## Your instructions
Output all of the data below without changing a word, and exclude the pictures.

## Data below

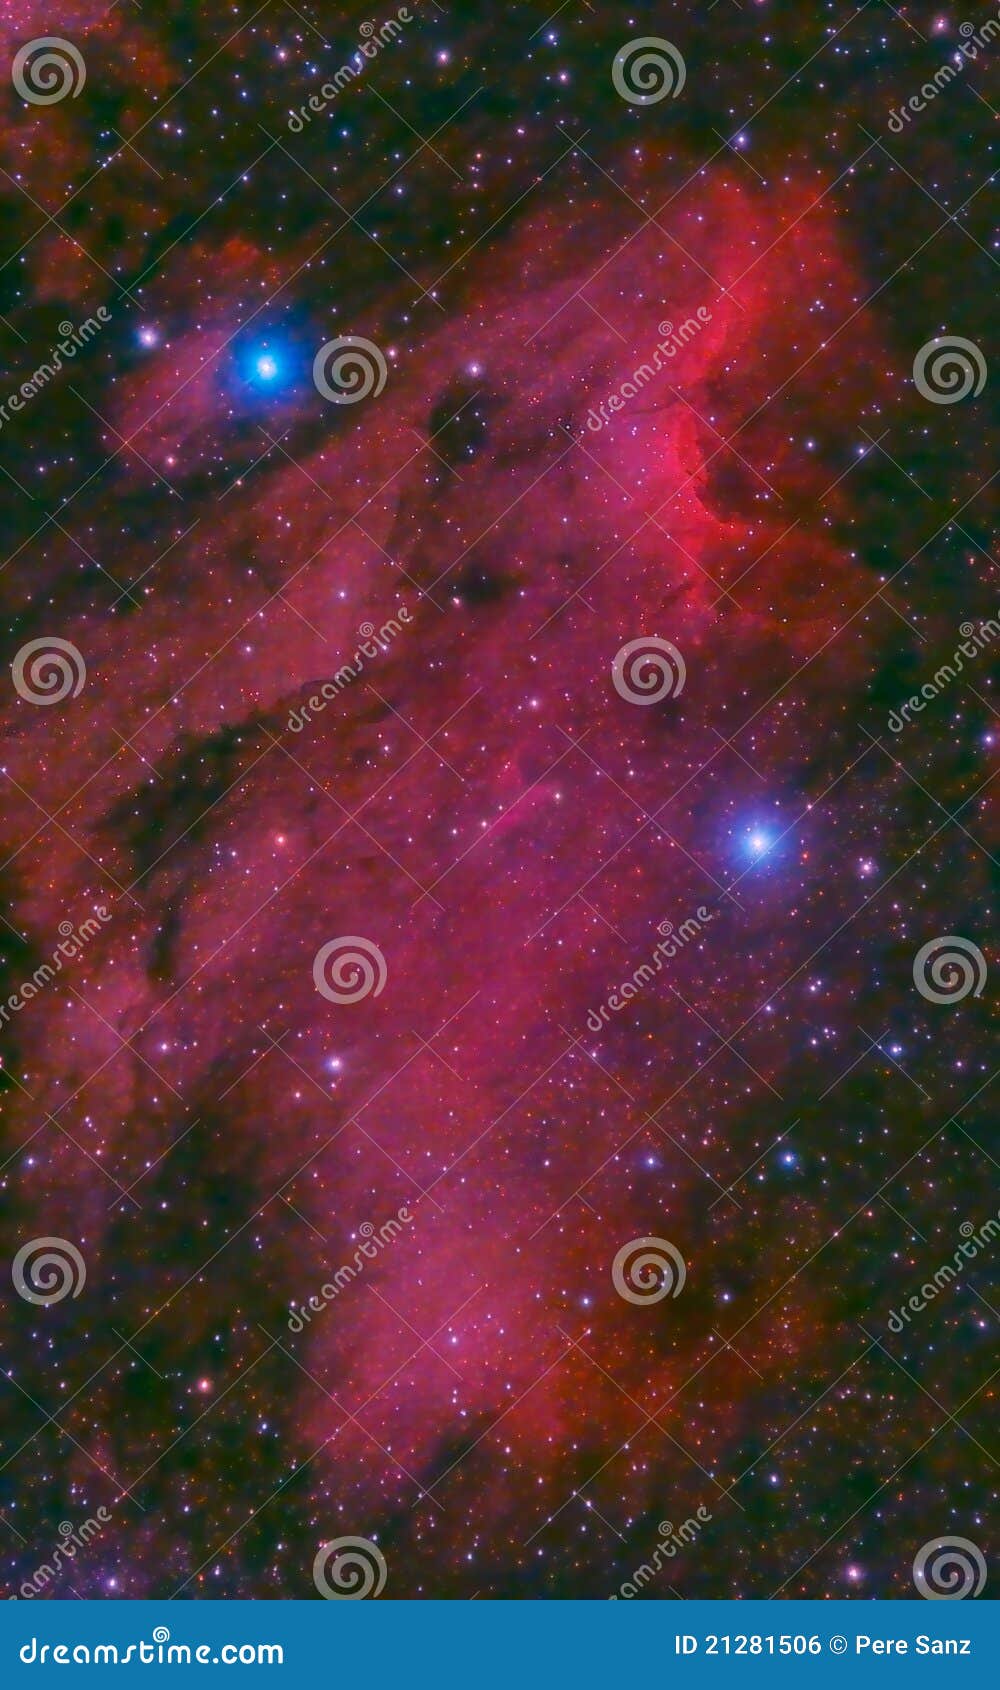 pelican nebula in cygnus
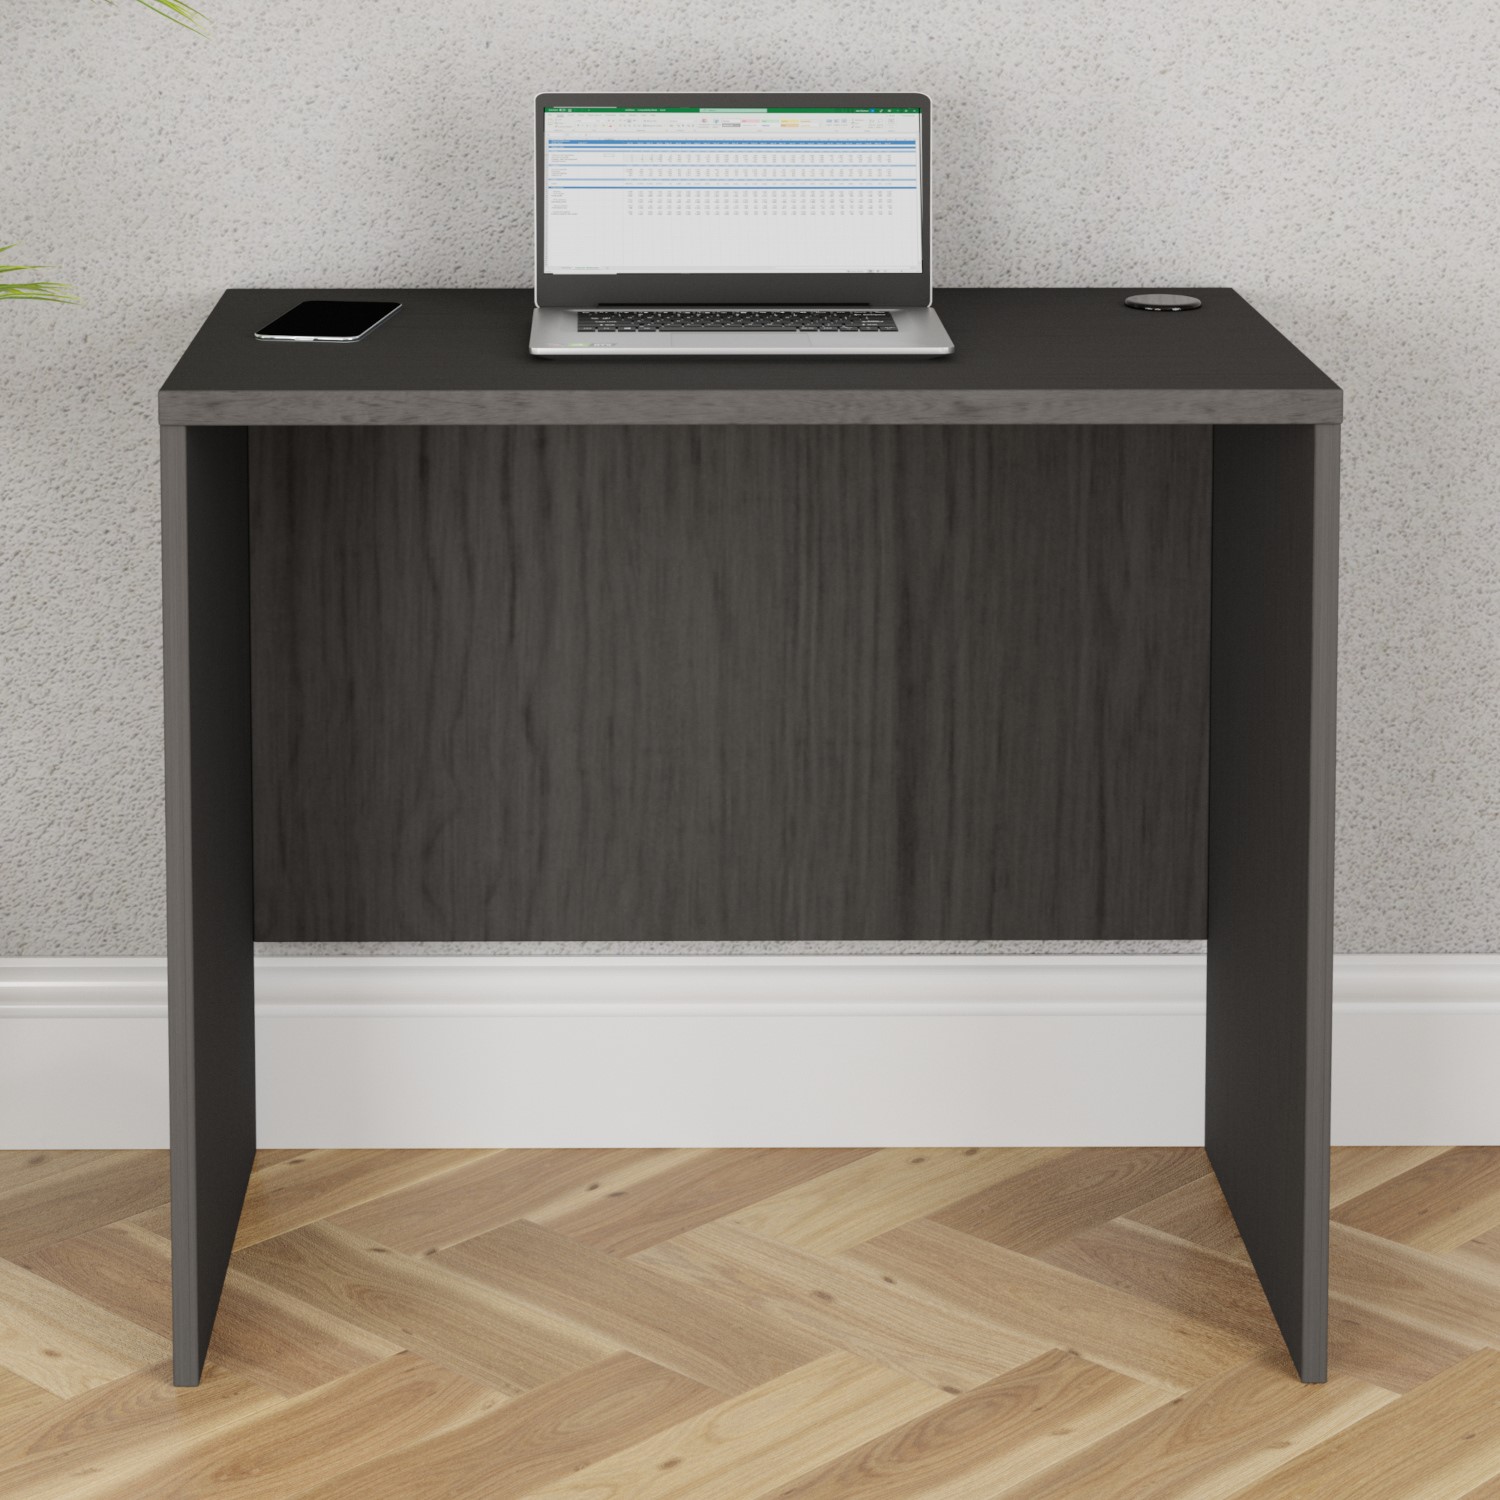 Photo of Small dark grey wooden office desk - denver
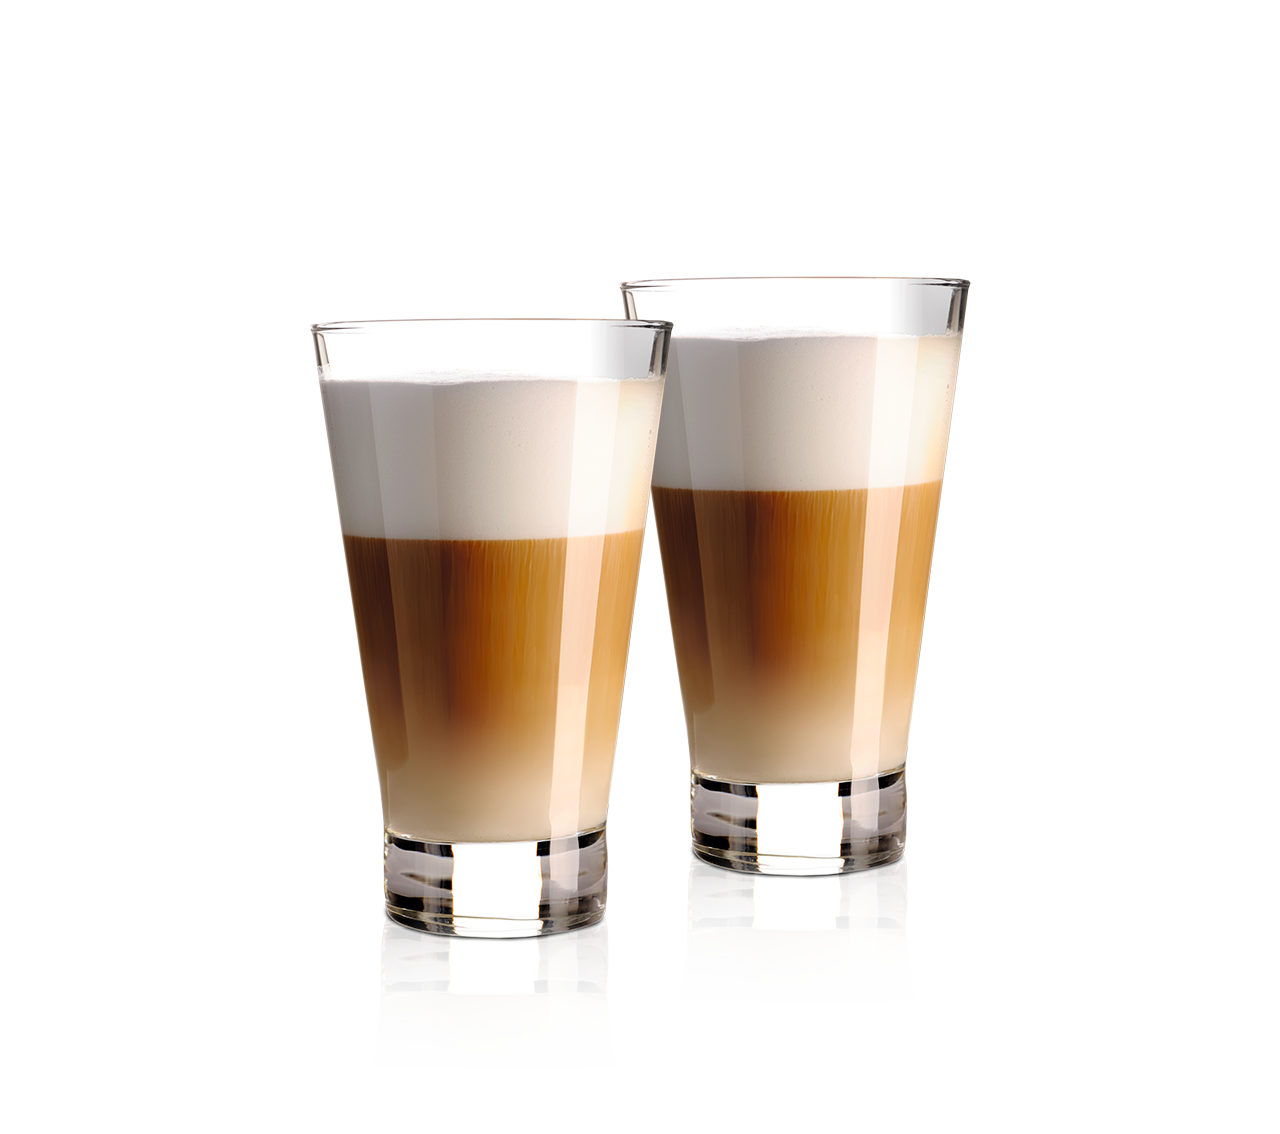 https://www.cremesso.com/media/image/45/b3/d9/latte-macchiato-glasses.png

## Finished exercise
 pelican nebula in cygnus
 Photo of Small dark grey wooden office desk - denver
 https://www.cremesso.com/media/image/45/b3/d9/latte-macchiato-glasses.png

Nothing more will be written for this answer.